It is not surprising to hear Bob Marley’s Redemption Song around the time of our Emancipation Day celebrations. The lyrics rouse us to free ourselves from ‘mental slavery’, as advocated by Marcus Garvey.
Some of us may not know that Marley knew his time on earth was limited while writing and performing this song. In 1977, Bob had been diagnosed with a malignant melanoma under a toenail. He decided not to have the toe amputated, against his doctors’ advice.
Bob carried on touring, writing, and recording, but within two years, he was ailing, appearing gaunt.
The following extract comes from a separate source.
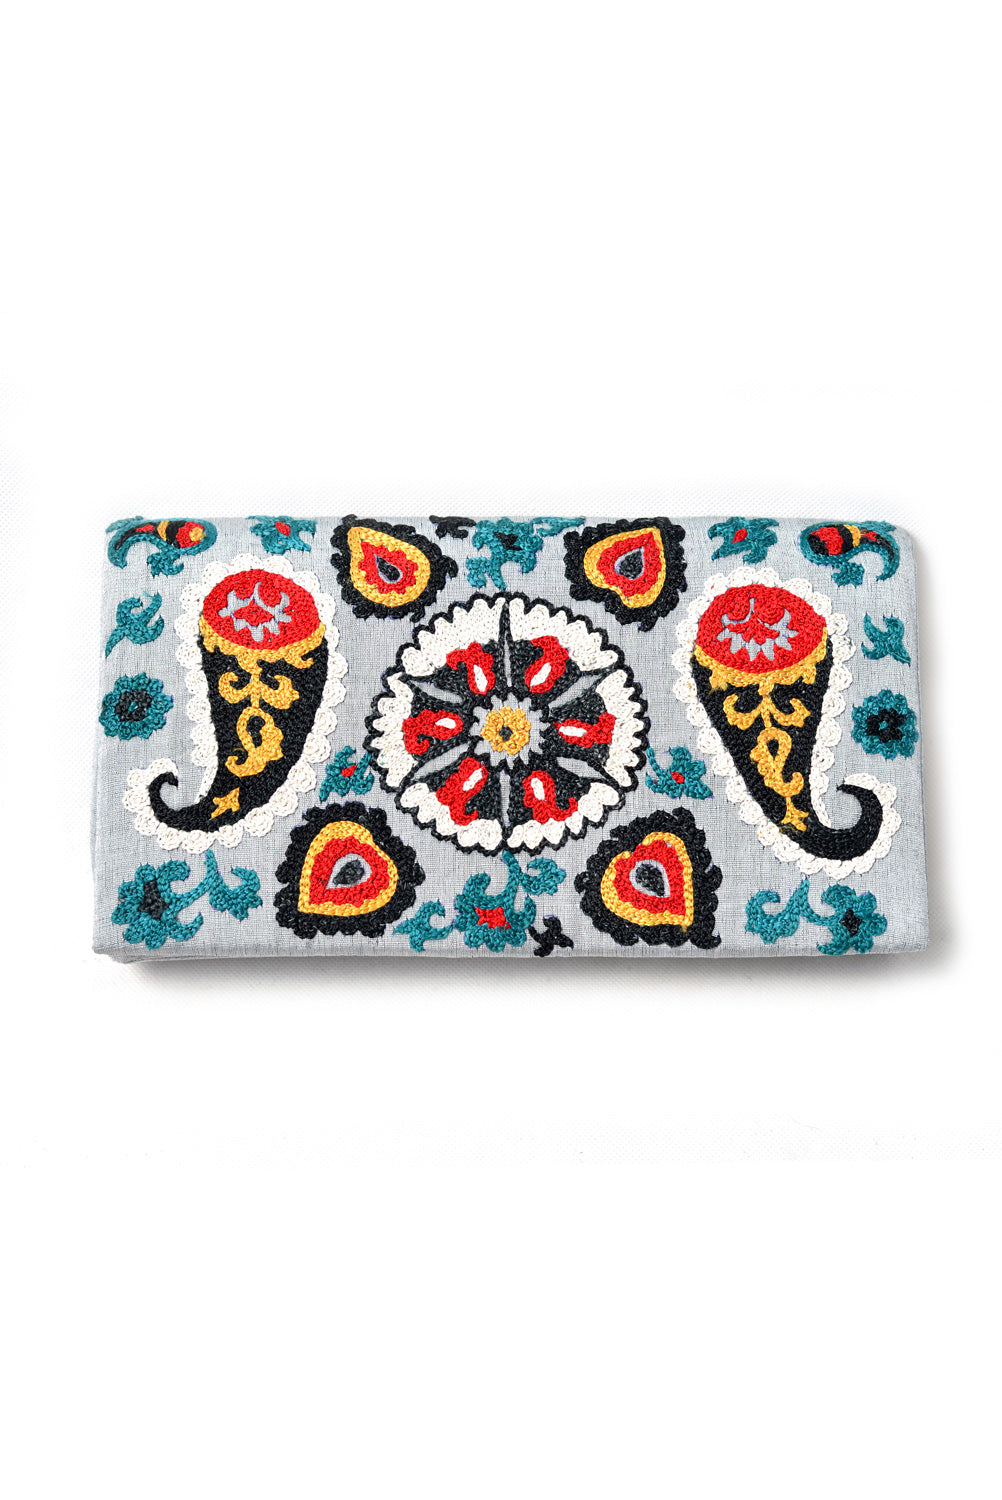 Embroidered Suzani Clutch

Death was on his mind—he was in severe pain and had been writing material that dealt with his mortality.
“We’ve got to fulfil the book,” was a stirring call to action. Marley was defiant even up to his death in May 1981.

What gave Marley the power to overcome his pain and sure knowledge of pending death? What allowed him to keep moving?
How was he different to Anthony Bourdain and his resorting to suicide? How does one emancipate oneself from mental slavery?
Is mental slavery to be restricted to the original thought of Garvey—or can it be relevant to other spheres of our lives?

(Copyright David Scott Holloway.)
Bourdain beat heroin addiction and was a contrarian, like Bob. (The autopsy declared that there was no trace of drugs in his body at the time of death.)
His mother, Gladys Bourdain, who was a longtime editor at The New York Times, said she had no indication that Mr Bourdain might have been thinking of suicide.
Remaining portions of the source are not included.